Fredian membawa Irna pergi ke sebuah penginapan yang terletak agak jauh dari rumah Irna.
Melalui beberapa kawasan hutan di sekitar gunung tempat tinggalnya sekitar sepuluh kilometer jarak tempuh.
Pria itu terus menggendong tubuhnya dan mendarat di tengah hutan rimbun. Sekitar dua puluh meter dari penginapan.
Irna masih menatap wajahnya lekat-lekat. Tanpa ingin menyingkir karena aroma lendir yang ada pada tubuh pria itu. Segalanya terasa biasa dan bukan lagi sesuatu yang untuk dijauhi ataupun sesuatu yang untuk ditakuti.
"Irna, aku sangat mengenalmu dengan baik, aku tahu kamu akan bersikeras menghadapi apapun yang terjadi dengan dirimu sendiri. Bahkan kamu tidak akan rela jika orang lain terluka karenamu." Ungkap Fredian padanya tanpa melepaskan pelukan dan gendongannya.
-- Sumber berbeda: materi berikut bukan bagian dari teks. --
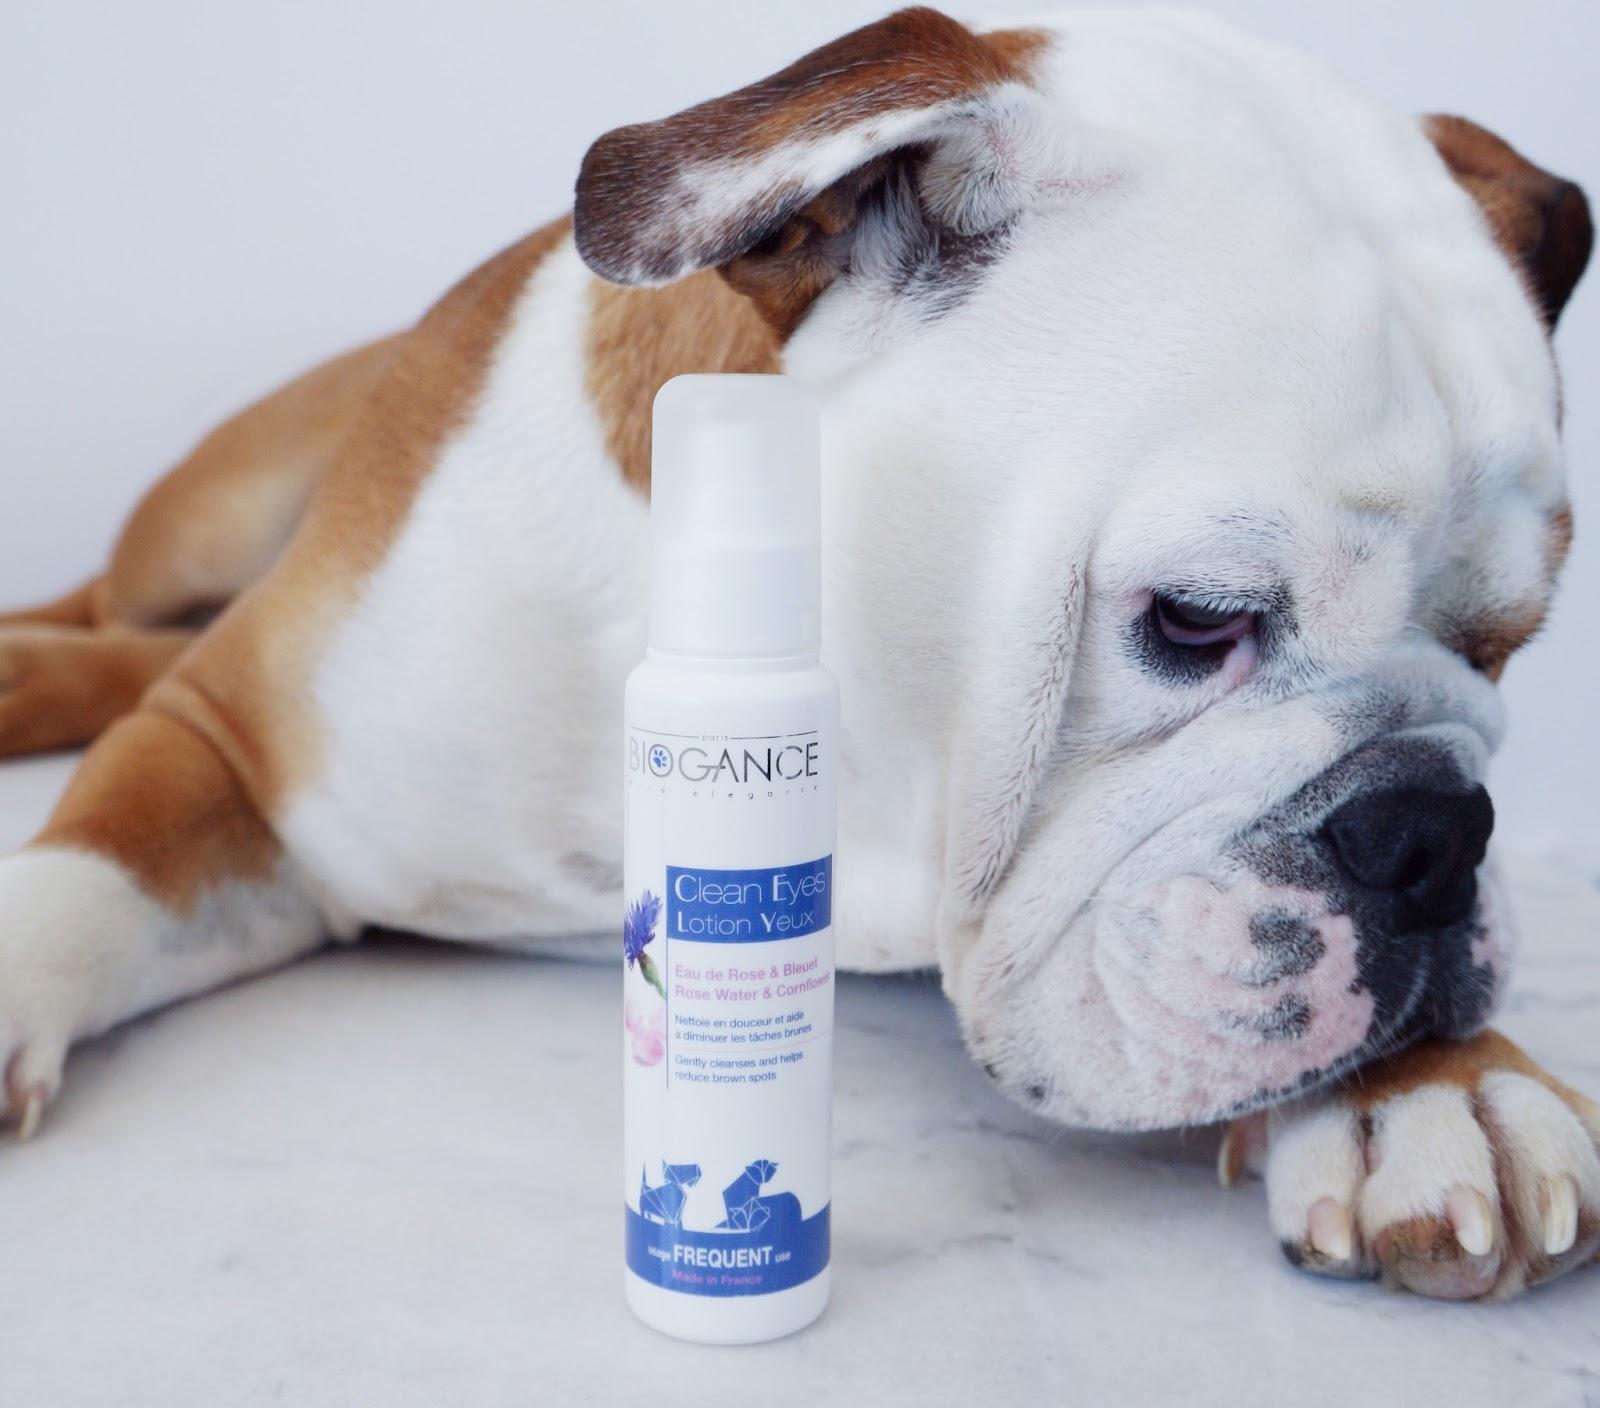 biogance traces de larmes brunes chien bulldog

"Aku sudah merasakan firasat buruk ketika kamu memulangkan semua penjaga yang sudah aku kirimkan untuk menjagamu. Aku tidak ingin hal buruk menimpamu. Aku ingin melihatmu baik-baik saja dan tidak terluka."
Setelah berkata demikian Fredian melangkah agak lebih jauh. Di bawah rerimbunan pohon lima belas meter dari lokasi penginapan. Fredian menurunkan Irna di sana.
"Kamu masuklah dulu, sore tadi sebelum tubuhku berubah menjadi seperti ini aku sudah cek in, bilang saja kamu adalah istriku." Ujar Fredian pada Irna sambil melepaskan pelukannya dengan perlahan.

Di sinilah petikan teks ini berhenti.